If a miner or validator controls more than 50 % of the hash power or staked assets, they can launch a 51 % attack, easily censoring or rewriting transactions and jeopardizing the chain’s integrity.
Beyond consensus, underlying cryptography is another pillar of security. Blockchains employ primitives such as hash functions and elliptic‑curve signatures to protect data. Should these algorithms be broken—for example, if SHA‑256 were compromised by a quantum computer—the affected chain (e.g., Bitcoin) would lose its primary defensive shield.
The Scalability of Blockchains
Scalability describes a network’s ability to maintain reasonable confirmation times and transaction fees as transaction volume continuously grows. Numerous techniques exist to increase throughput, but each comes with trade‑offs.
On‑chain scaling commonly involves enlarging block size or shortening block intervals. Larger blocks can accommodate more transactions per batch, while faster block times accelerate confirmations. Both approaches raise hardware requirements for nodes, meaning only well‑resourced participants can keep up with consensus, which nudges the network toward centralization.
Off‑chain scaling moves a portion of activity to secondary layers or sidechains. State channels, Rollups (optimistic or zk), and independent sidechains can process a large number of transactions off the main chain and periodically submit aggregated results back to it. These solutions excel at boosting throughput, yet they also introduce additional system complexity and potential security considerations.
Sharding takes a different angle by splitting the entire chain into several parallel sub‑chains (shards), each responsible for a subset of transactions. In theory, sharding can linearly increase overall capacity, but its implementation is technically challenging and may give rise to cross‑shard communication overhead and new attack surfaces.
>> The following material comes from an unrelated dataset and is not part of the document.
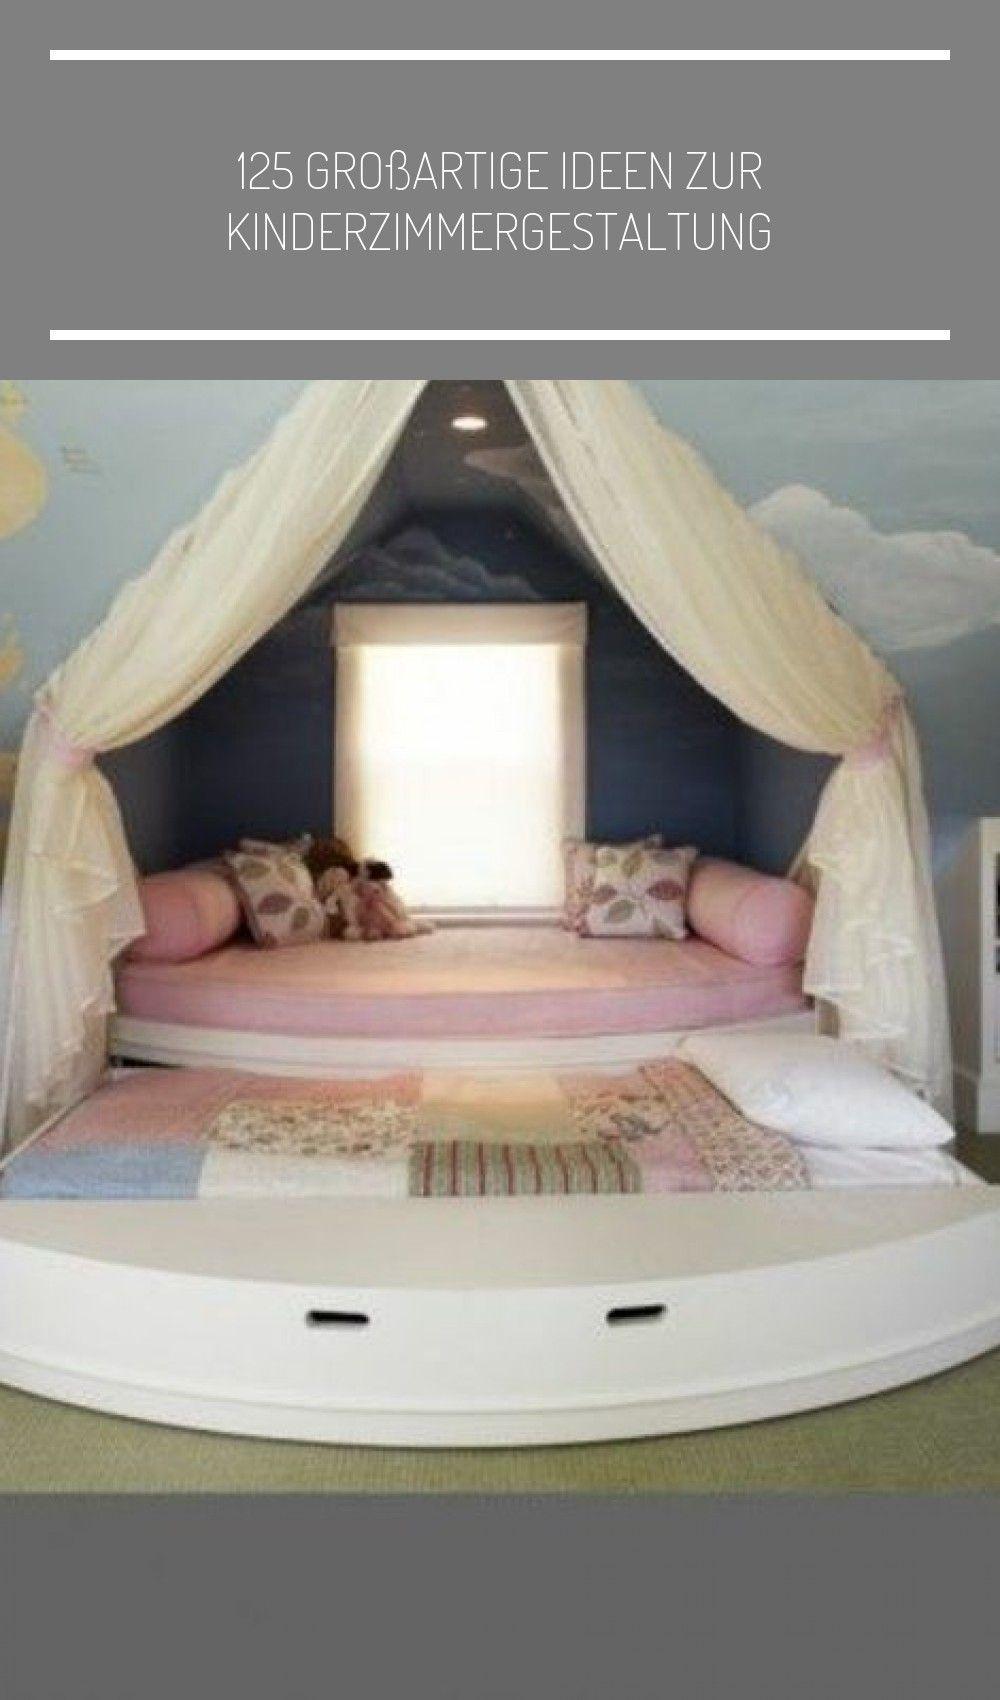 Himmelbett Wolken Auf Der Decke Kinderzimmer Einrichtung Kinderzimmer Ideen Jun Auf D Kinder Zimmer Schlafzimmer Madchen Betten Fur Kinder

What Is the Blockchain “Impossible Triangle”?
The impossible triangle concept was introduced by Ethereum co‑founder Vitalik Buterin to illustrate the difficulty of simultaneously achieving decentralization, security, and scalability. When a network tries to increase transaction speed or overall capacity, it typically requires more computational resources and wider bandwidth. This raises the operating cost for nodes, causing fewer participants to stay online, which pushes the network toward centralization and weakens its security guarantees.
Consequently, the core industry challenge remains: how to attain genuine scalability without sacrificing decentralization and security.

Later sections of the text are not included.